TASK OBJECTIVE:
Output only the lines of the entries that follow, starting at the one with "(Color : 青)" and running down to the one with "रमजान माह के", both included and unchanged.

DATA SECTION:
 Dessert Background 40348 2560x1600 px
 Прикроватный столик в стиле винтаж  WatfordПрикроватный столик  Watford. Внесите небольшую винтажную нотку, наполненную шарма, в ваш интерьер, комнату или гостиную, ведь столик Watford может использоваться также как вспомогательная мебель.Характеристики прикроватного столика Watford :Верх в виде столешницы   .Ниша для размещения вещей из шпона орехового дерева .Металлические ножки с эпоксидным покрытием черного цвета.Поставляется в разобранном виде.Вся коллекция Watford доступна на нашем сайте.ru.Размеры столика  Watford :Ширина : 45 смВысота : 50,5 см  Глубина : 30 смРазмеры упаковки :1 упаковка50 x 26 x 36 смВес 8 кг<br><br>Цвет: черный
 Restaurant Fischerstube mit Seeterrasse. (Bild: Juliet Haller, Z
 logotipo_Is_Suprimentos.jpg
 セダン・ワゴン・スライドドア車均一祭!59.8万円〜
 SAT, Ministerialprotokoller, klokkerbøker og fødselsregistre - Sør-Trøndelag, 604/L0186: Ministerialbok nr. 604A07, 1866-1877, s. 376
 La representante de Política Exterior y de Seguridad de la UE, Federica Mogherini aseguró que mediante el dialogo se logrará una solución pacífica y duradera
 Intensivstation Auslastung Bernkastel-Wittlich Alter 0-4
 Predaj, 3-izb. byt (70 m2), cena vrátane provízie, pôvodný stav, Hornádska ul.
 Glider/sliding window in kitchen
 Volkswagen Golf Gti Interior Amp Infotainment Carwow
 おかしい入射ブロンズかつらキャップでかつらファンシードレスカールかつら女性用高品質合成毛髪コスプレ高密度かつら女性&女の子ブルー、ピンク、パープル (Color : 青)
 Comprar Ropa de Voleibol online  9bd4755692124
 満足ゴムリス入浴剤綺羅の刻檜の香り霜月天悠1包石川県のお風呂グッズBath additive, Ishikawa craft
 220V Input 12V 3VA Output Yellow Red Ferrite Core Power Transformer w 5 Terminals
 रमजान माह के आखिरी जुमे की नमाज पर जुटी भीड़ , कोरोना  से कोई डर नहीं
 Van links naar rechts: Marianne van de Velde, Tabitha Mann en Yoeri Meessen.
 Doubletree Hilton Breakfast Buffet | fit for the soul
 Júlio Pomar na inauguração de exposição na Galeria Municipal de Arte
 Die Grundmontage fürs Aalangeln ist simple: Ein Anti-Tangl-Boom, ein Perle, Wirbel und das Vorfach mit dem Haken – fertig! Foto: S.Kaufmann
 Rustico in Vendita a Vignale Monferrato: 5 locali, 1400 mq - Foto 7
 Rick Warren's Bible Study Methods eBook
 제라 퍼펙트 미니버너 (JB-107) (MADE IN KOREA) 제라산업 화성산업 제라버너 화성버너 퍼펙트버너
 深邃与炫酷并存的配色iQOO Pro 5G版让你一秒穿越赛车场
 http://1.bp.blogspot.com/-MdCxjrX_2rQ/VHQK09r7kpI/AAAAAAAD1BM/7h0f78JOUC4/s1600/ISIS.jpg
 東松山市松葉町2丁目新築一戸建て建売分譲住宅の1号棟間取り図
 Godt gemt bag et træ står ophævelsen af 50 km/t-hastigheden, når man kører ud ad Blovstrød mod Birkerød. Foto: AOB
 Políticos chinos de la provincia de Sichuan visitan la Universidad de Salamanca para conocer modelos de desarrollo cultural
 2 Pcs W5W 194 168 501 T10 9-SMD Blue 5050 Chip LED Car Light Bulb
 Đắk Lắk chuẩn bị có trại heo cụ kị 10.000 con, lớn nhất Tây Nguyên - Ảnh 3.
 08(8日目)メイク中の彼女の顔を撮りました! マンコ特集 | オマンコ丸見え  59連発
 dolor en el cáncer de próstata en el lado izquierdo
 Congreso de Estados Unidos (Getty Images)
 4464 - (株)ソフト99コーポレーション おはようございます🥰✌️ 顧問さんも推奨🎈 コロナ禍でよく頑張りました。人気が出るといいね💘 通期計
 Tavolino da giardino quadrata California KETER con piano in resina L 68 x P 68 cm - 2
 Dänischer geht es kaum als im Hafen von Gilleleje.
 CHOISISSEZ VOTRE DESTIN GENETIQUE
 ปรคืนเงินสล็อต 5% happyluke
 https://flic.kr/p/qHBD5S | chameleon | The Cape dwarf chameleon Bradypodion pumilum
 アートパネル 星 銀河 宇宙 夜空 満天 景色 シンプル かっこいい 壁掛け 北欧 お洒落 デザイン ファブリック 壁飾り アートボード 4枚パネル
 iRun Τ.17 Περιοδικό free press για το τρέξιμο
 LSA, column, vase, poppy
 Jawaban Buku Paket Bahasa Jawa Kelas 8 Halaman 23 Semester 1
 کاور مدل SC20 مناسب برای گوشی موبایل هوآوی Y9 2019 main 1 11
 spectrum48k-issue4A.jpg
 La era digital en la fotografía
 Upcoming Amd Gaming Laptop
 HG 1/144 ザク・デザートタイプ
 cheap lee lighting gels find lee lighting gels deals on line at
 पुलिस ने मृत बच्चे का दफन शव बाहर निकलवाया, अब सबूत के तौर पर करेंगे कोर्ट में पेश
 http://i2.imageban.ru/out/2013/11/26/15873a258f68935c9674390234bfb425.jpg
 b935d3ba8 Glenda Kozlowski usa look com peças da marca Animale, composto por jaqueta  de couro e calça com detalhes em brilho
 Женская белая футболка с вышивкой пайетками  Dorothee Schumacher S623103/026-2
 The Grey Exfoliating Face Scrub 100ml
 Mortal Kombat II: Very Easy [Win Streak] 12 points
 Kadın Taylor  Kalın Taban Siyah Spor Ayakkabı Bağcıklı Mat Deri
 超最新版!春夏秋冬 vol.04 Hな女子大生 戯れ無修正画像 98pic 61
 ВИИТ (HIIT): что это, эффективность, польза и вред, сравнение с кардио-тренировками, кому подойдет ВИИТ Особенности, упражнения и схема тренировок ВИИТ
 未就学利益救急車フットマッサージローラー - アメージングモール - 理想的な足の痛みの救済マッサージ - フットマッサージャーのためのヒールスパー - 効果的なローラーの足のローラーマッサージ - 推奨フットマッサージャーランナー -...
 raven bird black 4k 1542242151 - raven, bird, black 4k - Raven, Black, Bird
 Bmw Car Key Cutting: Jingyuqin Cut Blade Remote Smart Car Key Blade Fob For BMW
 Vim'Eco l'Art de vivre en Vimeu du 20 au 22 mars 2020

RESPONSE TO THE EXERCISE:
 おかしい入射ブロンズかつらキャップでかつらファンシードレスカールかつら女性用高品質合成毛髪コスプレ高密度かつら女性&女の子ブルー、ピンク、パープル (Color : 青)
 Comprar Ropa de Voleibol online  9bd4755692124
 満足ゴムリス入浴剤綺羅の刻檜の香り霜月天悠1包石川県のお風呂グッズBath additive, Ishikawa craft
 220V Input 12V 3VA Output Yellow Red Ferrite Core Power Transformer w 5 Terminals
 रमजान माह के आखिरी जुमे की नमाज पर जुटी भीड़ , कोरोना  से कोई डर नहीं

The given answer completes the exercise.